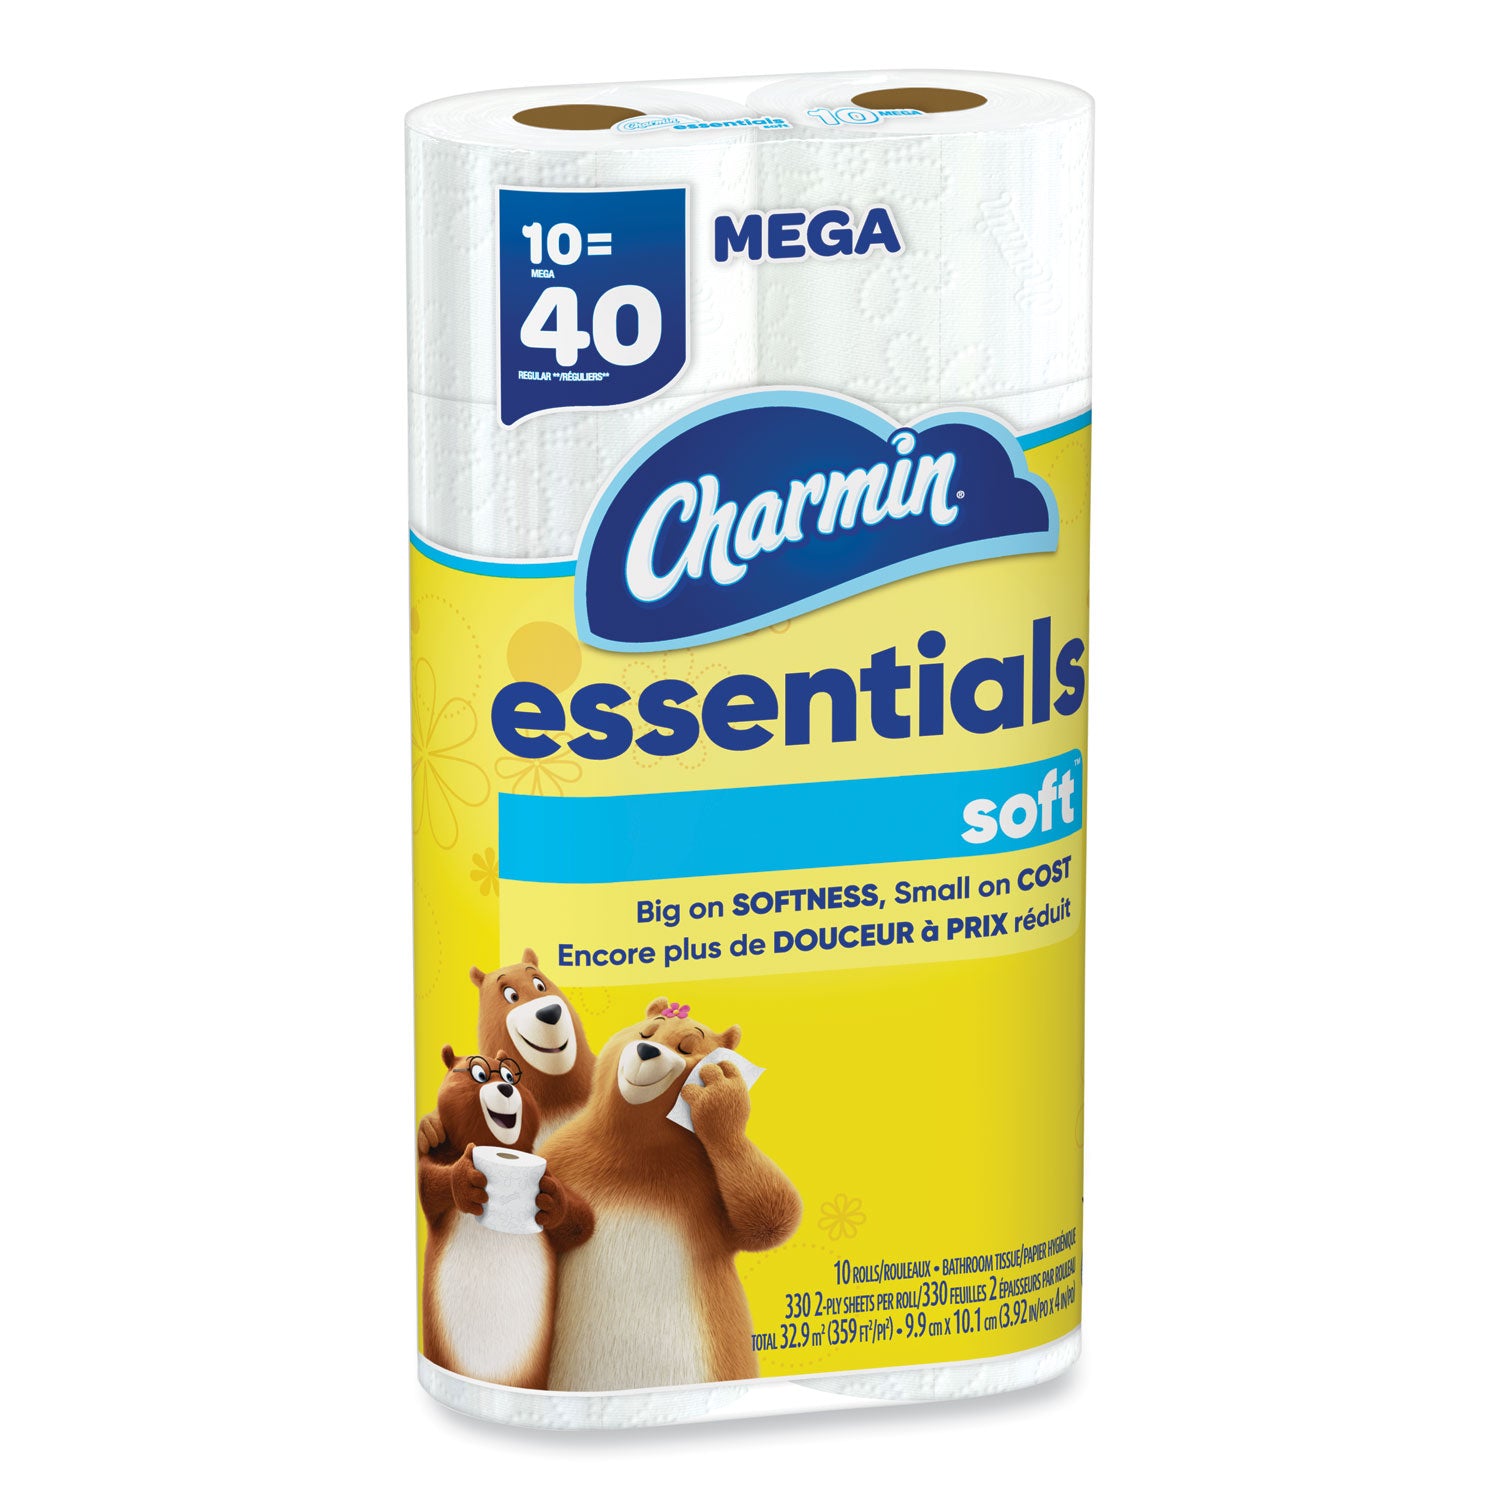 essentials-soft-bathroom-tissue-septic-safe-2-ply-white-352-sheets-roll-30-rolls-carton_pgc67355 - 7
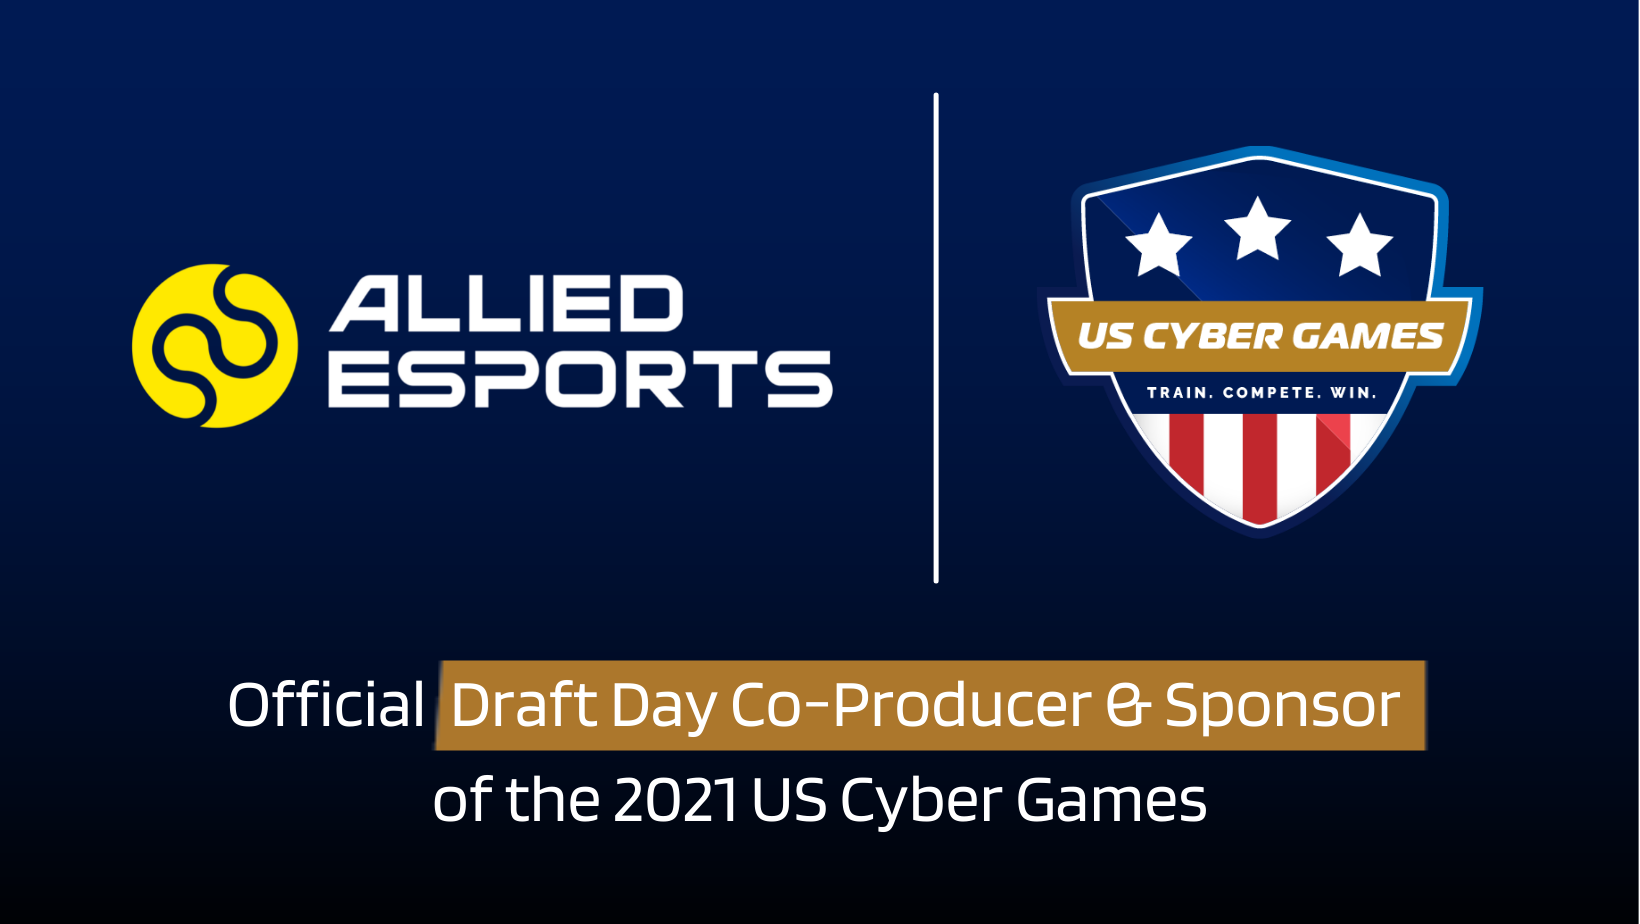 PlayCyber, powered by Katzcy, Taps Allied Esports’ AE Studios to Produce First US Cyber Games™ Draft Day October 5
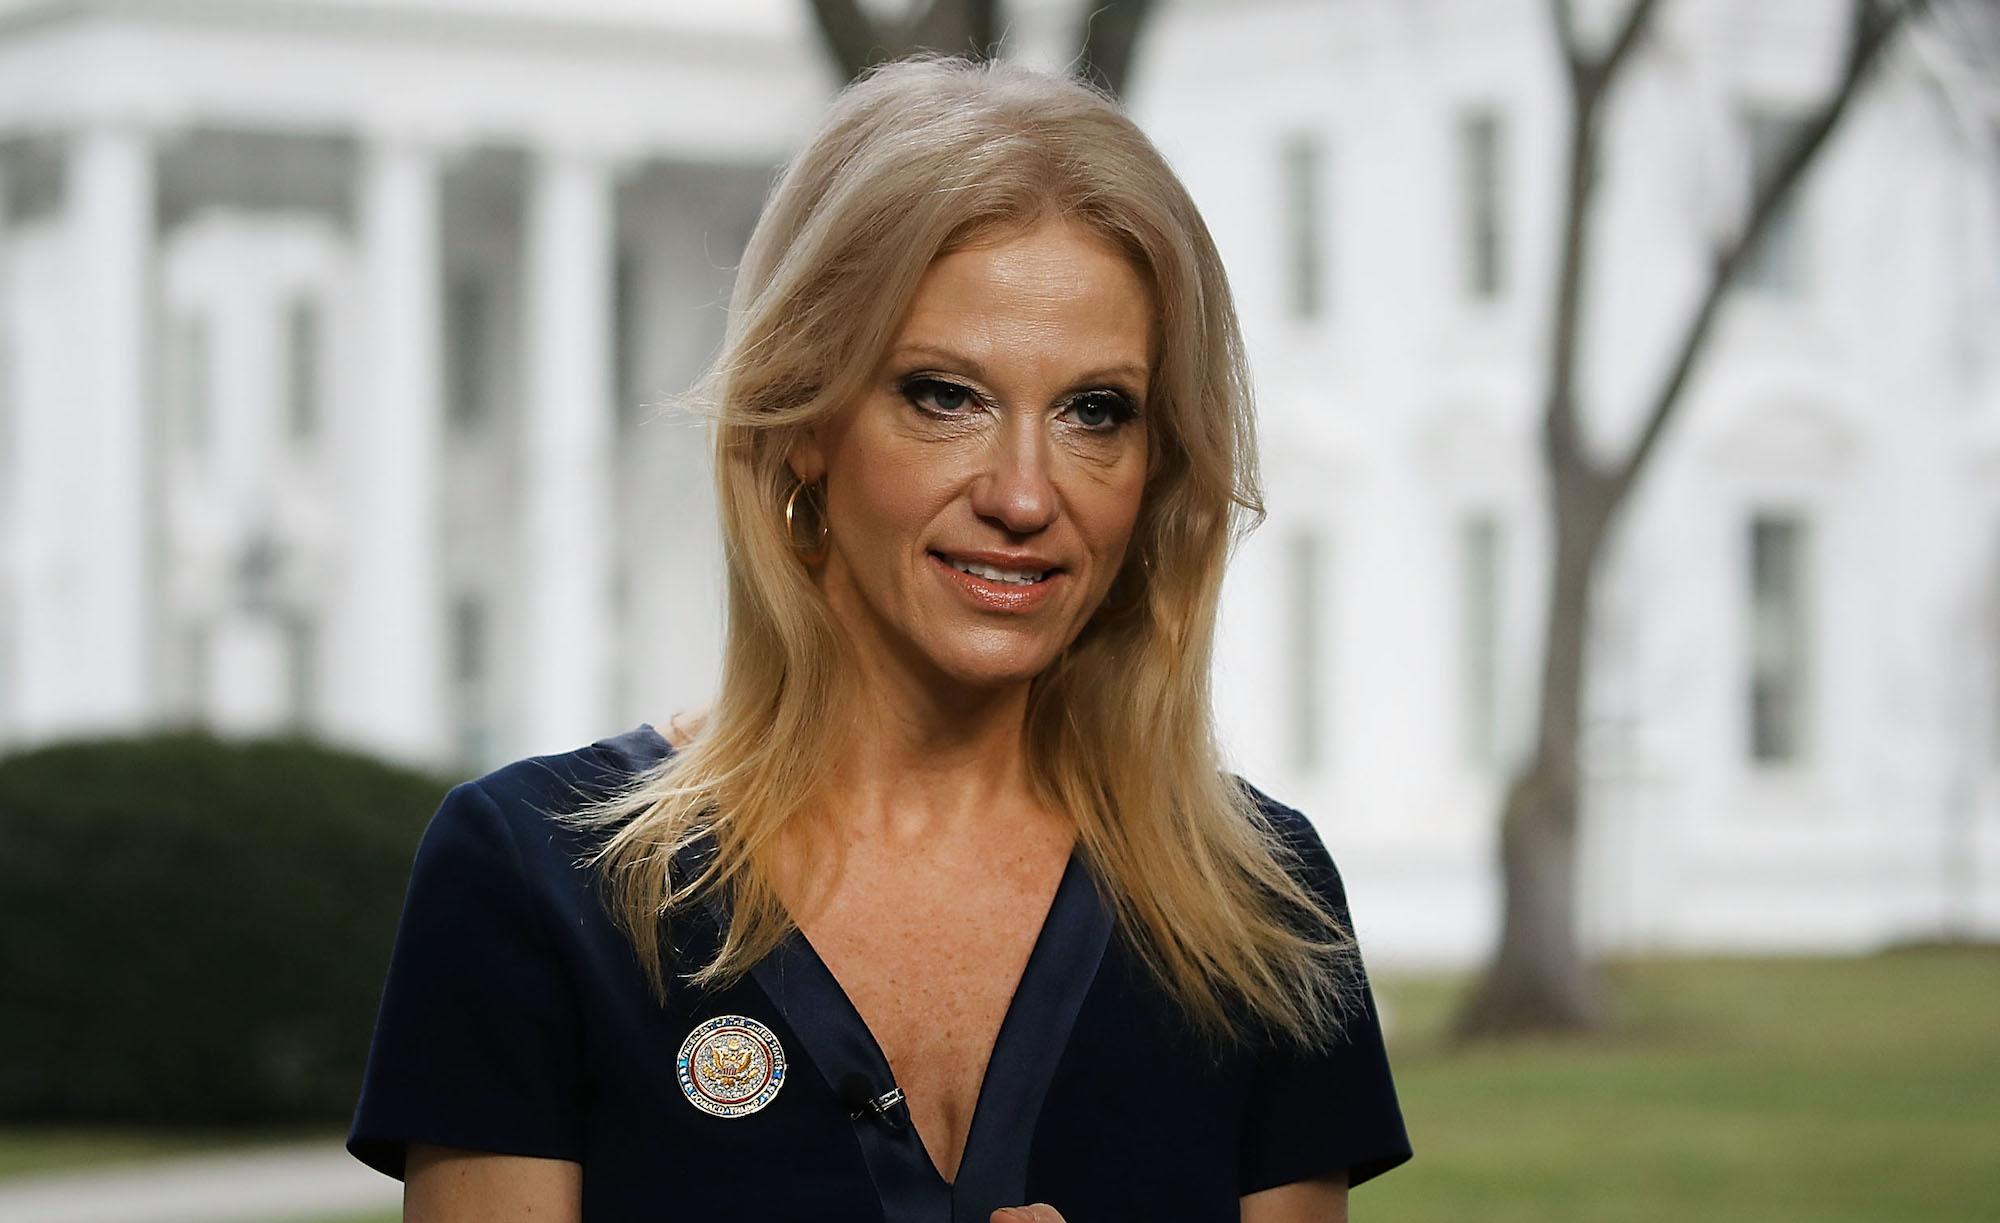 Just a reminder, Conway is the woman who coined the phrase ‘alternative facts’

The task:
Leave out all pictures, then copy the remaining material exactly.

Your response:
 essentials-soft-bathroom-tissue-septic-safe-2-ply-white-352-sheets-roll-30-rolls-carton_pgc67355 - 7
 PlayCyber, powered by Katzcy, Taps Allied Esports’ AE Studios to Produce First US Cyber Games™ Draft Day October 5
 Just a reminder, Conway is the woman who coined the phrase ‘alternative facts’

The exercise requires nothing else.